We contend that future climate research will substantially benefit from new partnerships and collaborations with indigenous peoples to report local indicators of climate change in some of the world’s most data-deficient regions. Yet, such efforts bring to the fore issues about intellectual property and control over information (Couzin 2007), which are beyond the scope of this article. In this context, the formulation of protocols and guidelines for a diligent and respectful use of indigenous knowledge for scientific endeavours remains a critical step (Huntington 2011). In addition, examining the ways in which discrepancy between and uncertainty within different knowledge systems can be addressed in such a collaborative research framework is an important avenue for further climate research (Whipple 2008; Klein et al. 2014). Indigenous peoples, as close observers of local climatic changes, could for instance engage with research projects and consortia to address knowledge gaps identified in IPCC scoping or in assessments of local climatic impacts, provided that the structures in which indigenous knowledge is used and applied are not only determined by science (Mistry and Berardi 2016).

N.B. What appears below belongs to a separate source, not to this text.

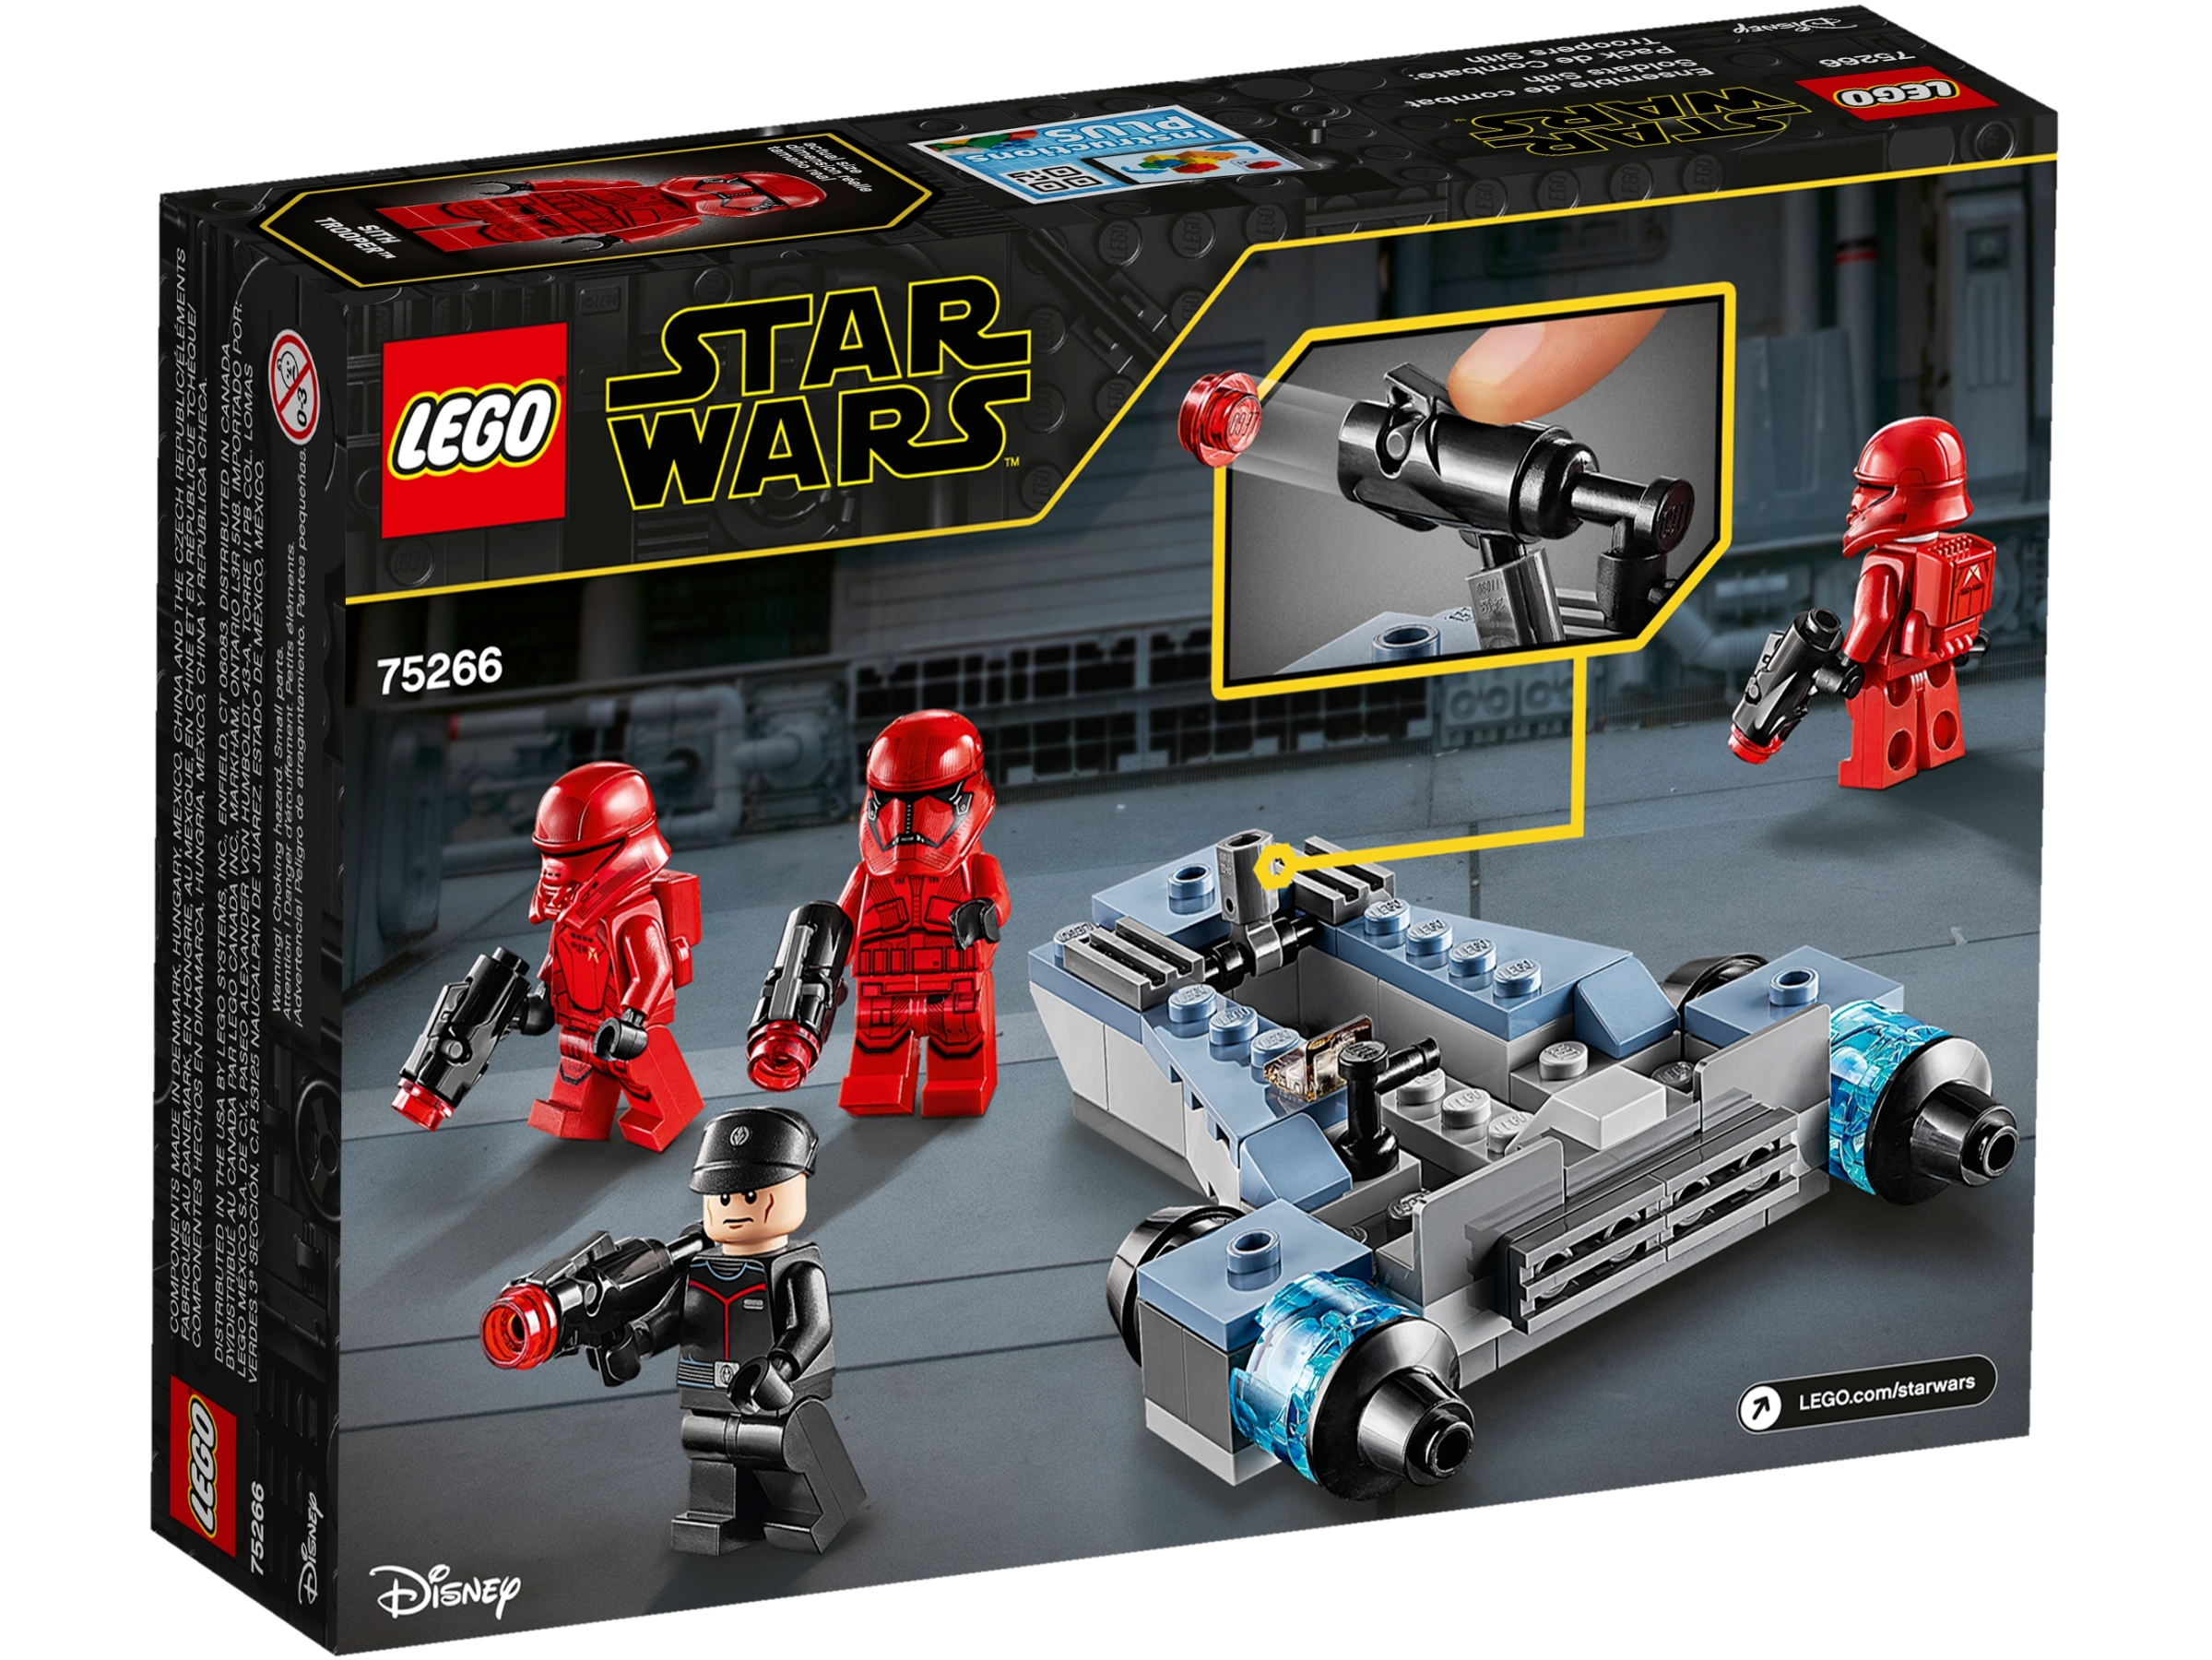 LEGO Star Wars 912174 Polybag Sith Trooper ™

Nonetheless, if such aspirations are to be reflected in practice, there is an urgent need to formulate strategic plans to document indigenous knowledge before it vanishes (e.g. Cámara-Leret et al. 2014). Due to the cultural changes brought by globalization, LEK is suffering worldwide decline at alarming rates (Maffi 2005; Reyes-García et al. 2013). Hence, exploring the promising new frontiers opened by indigenous knowledge is a pressing task in the climate research agenda for the forthcoming years. While specific to Bolivian Amazonia, our results are likely to be relevant at the global scale, given that the regions in the world with the lowest density of weather stations (Fig. S4) are generally inhabited by indigenous peoples with rich, detailed and, in many cases, threatened LEK systems (Maffi 2005).